╭──
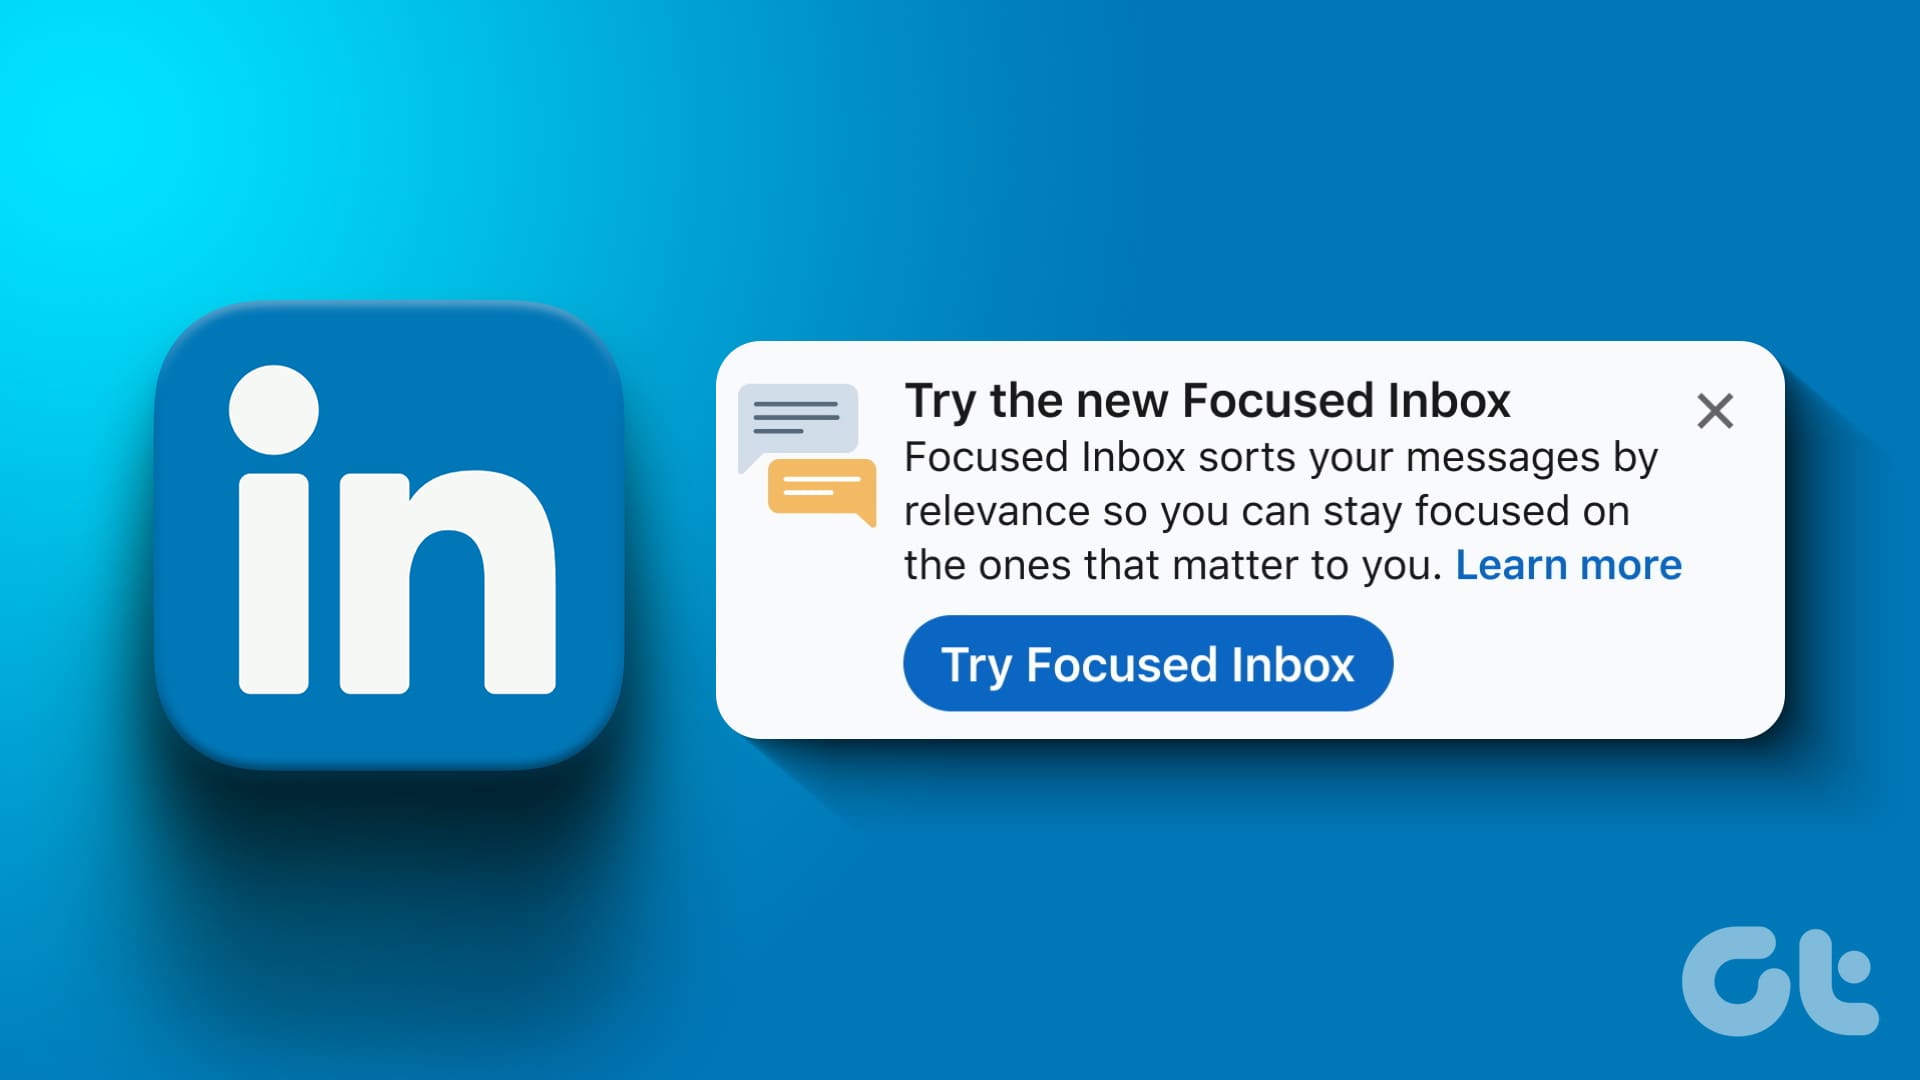 Turn Off Focused Inbox on LinkedIn
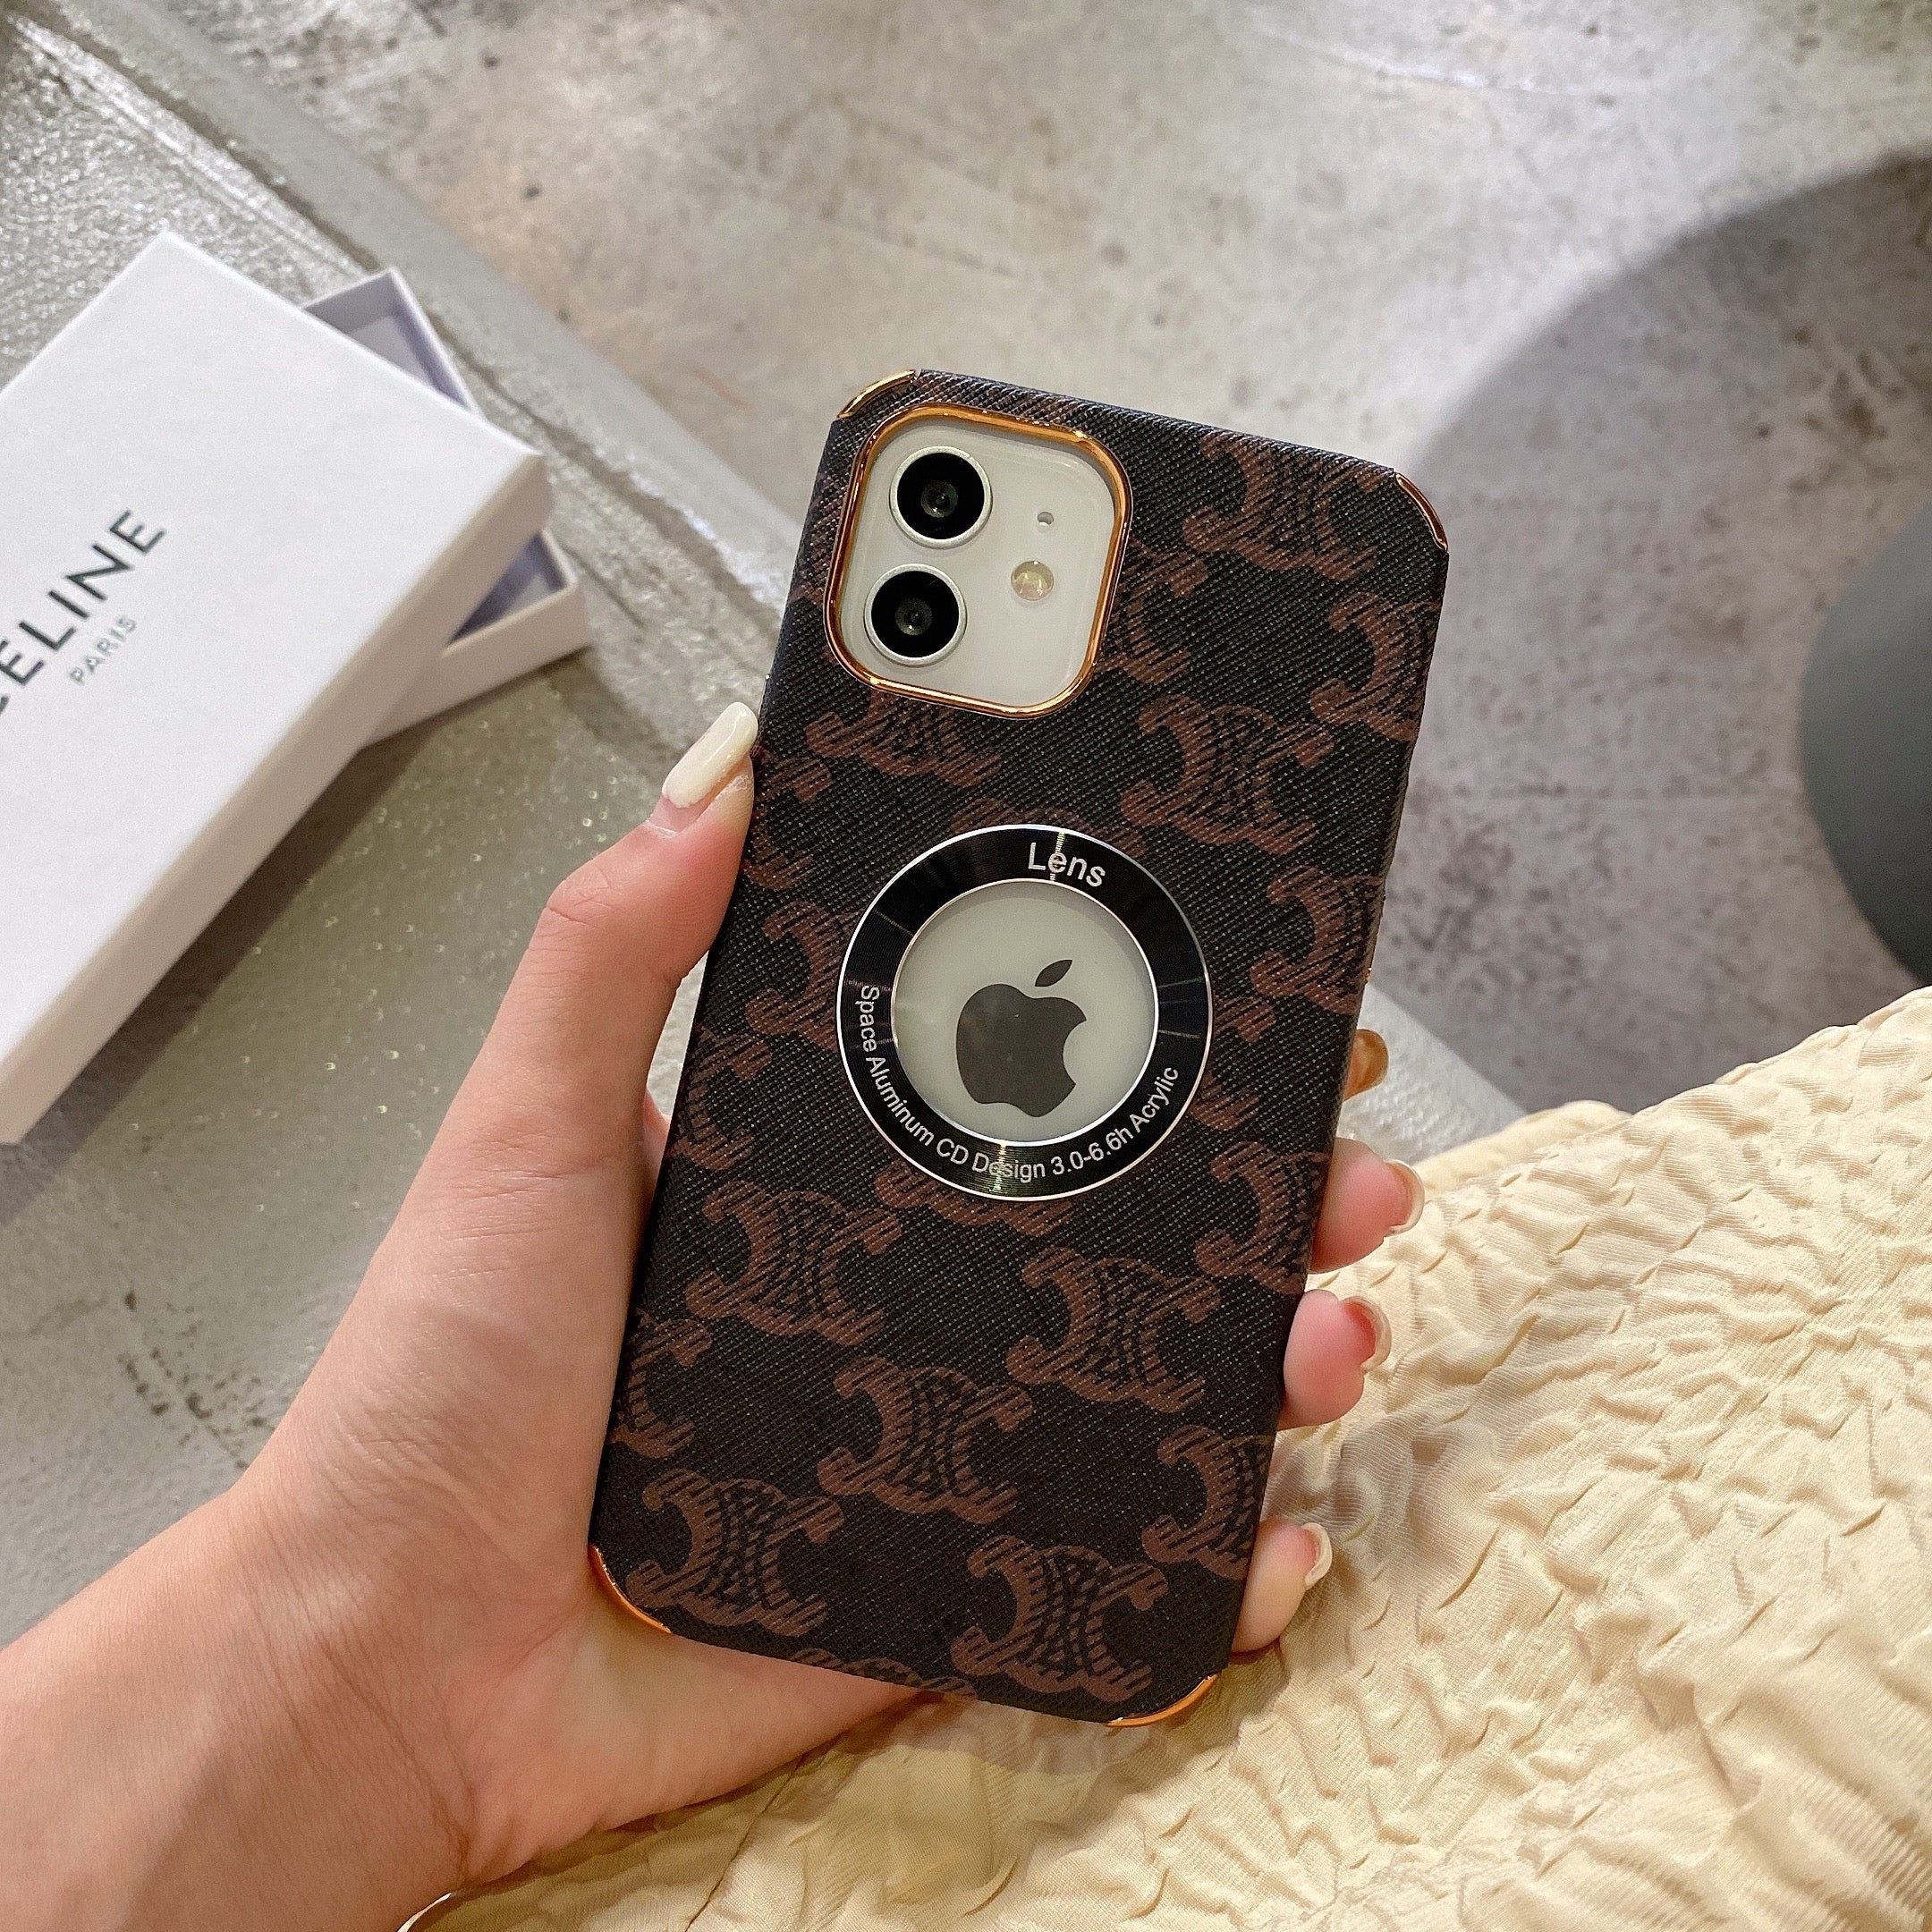 iPhone case - Versace
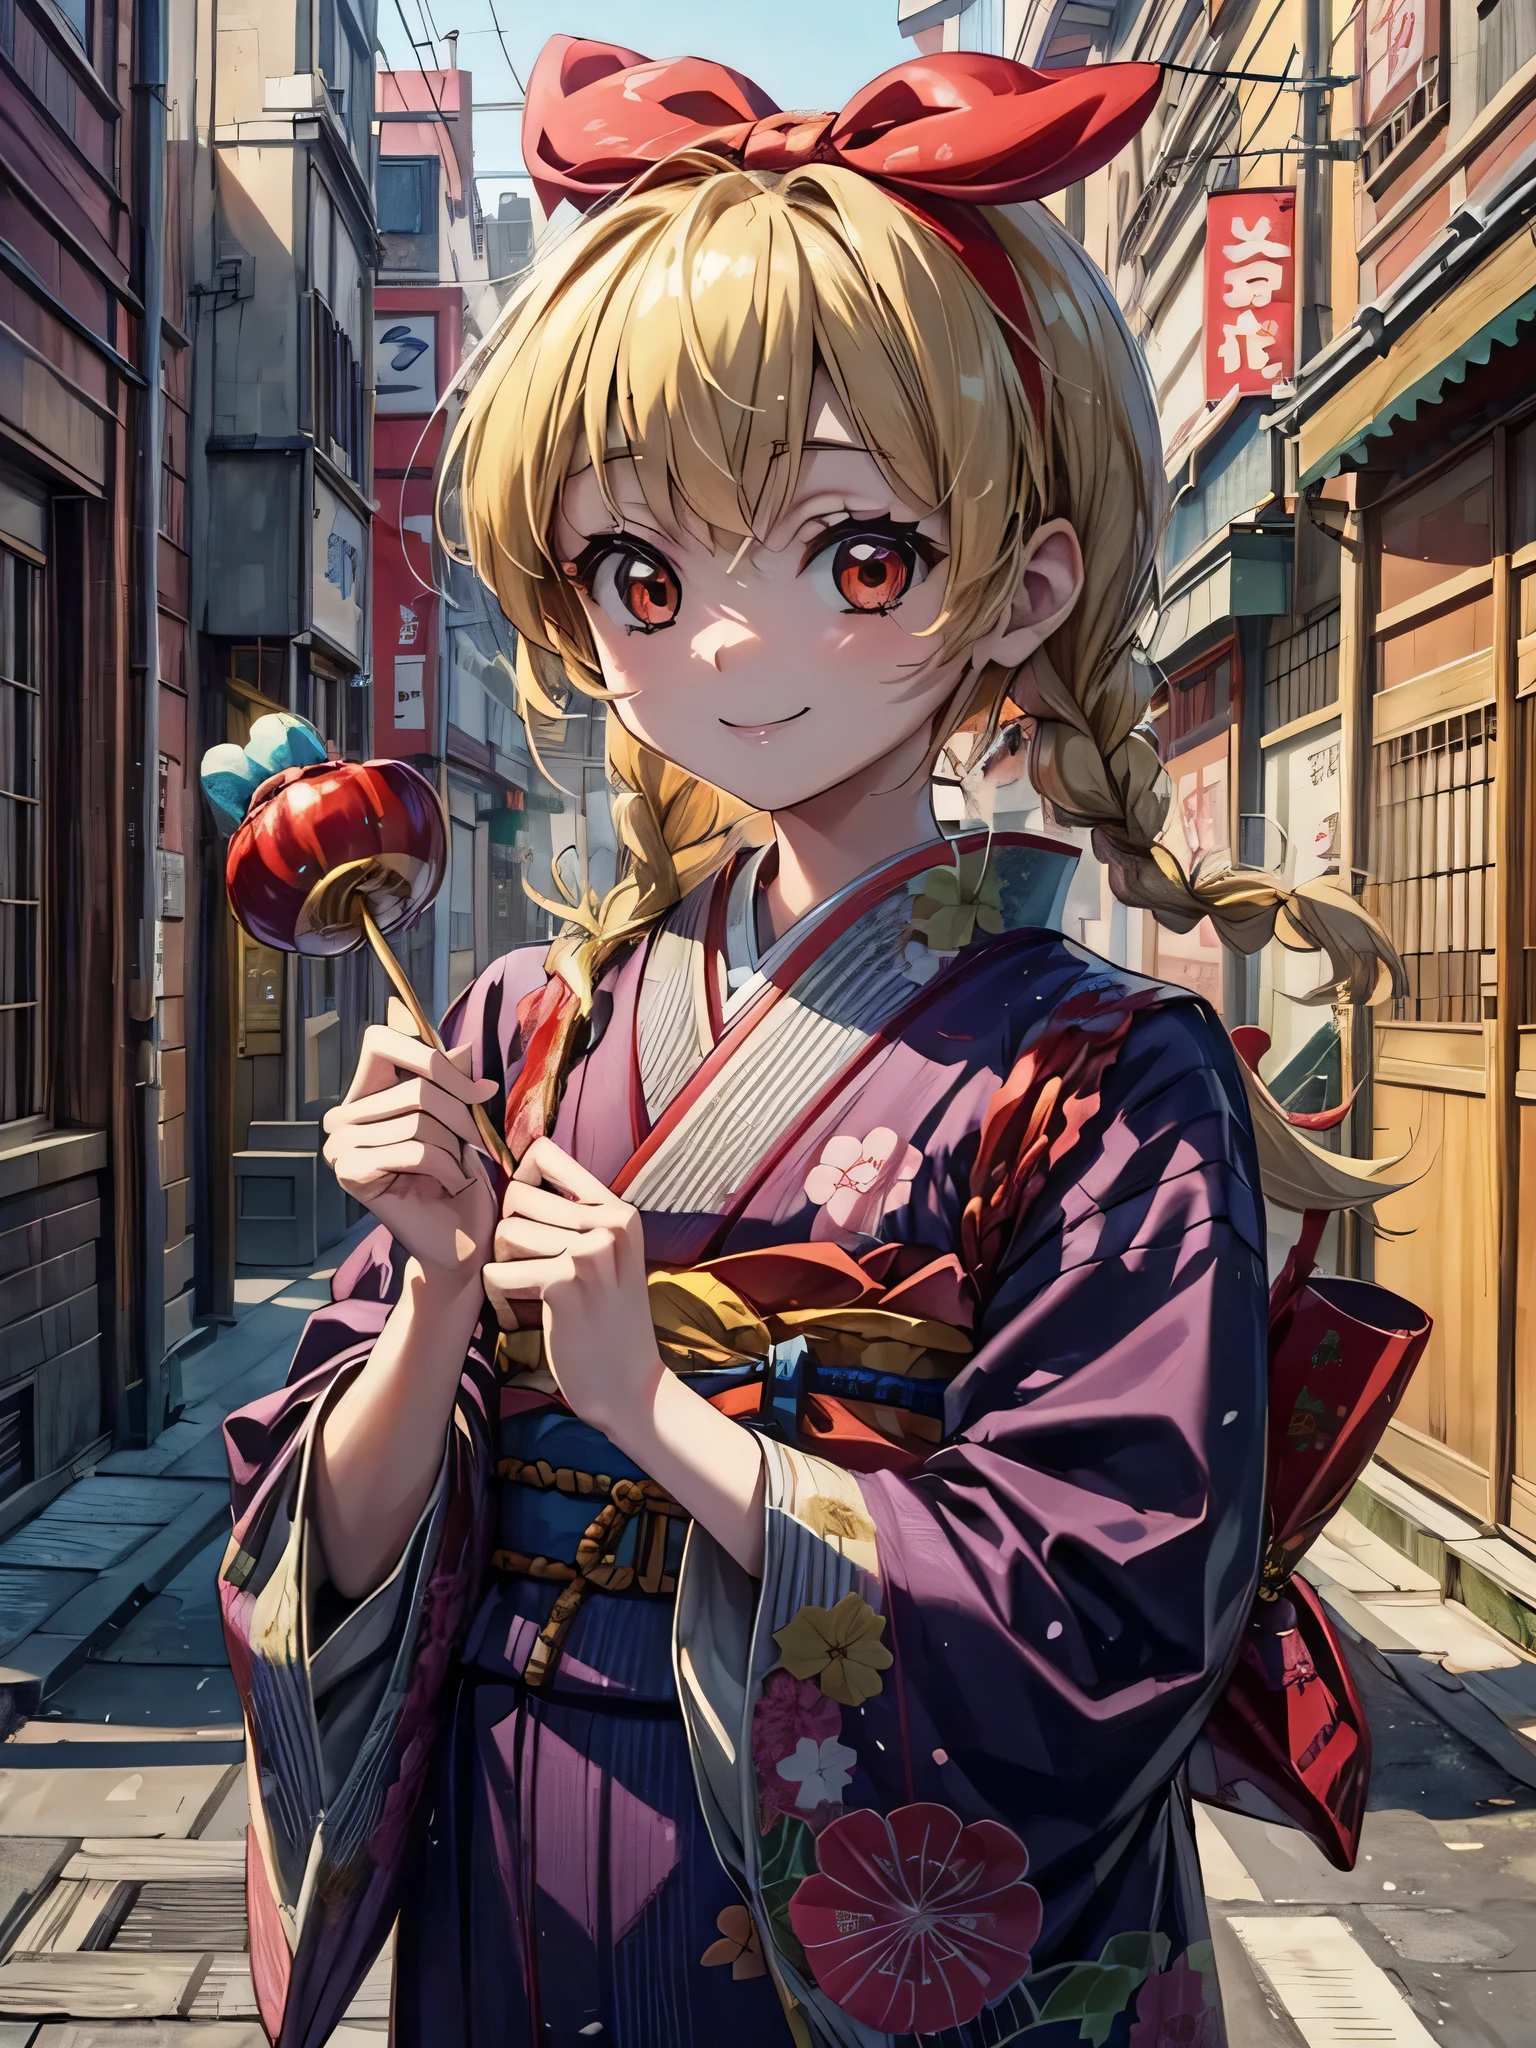 süßes japanisches Anime-Mädchen mit Bär und Zuckerstange, 1 Mädchen, Blondes Haar, japanische kleidung, twin flechtens, Kimono, Essen, lächeln, Maske, flechten, Maske on head, Allein, kandierter Apfel
╰──
Begin at the line containing "iPhone case - Versace" and restate exactly every line through the end of the material, skipping the pictures.

## THE ANSWER
 iPhone case - Versace
 süßes japanisches Anime-Mädchen mit Bär und Zuckerstange, 1 Mädchen, Blondes Haar, japanische kleidung, twin flechtens, Kimono, Essen, lächeln, Maske, flechten, Maske on head, Allein, kandierter Apfel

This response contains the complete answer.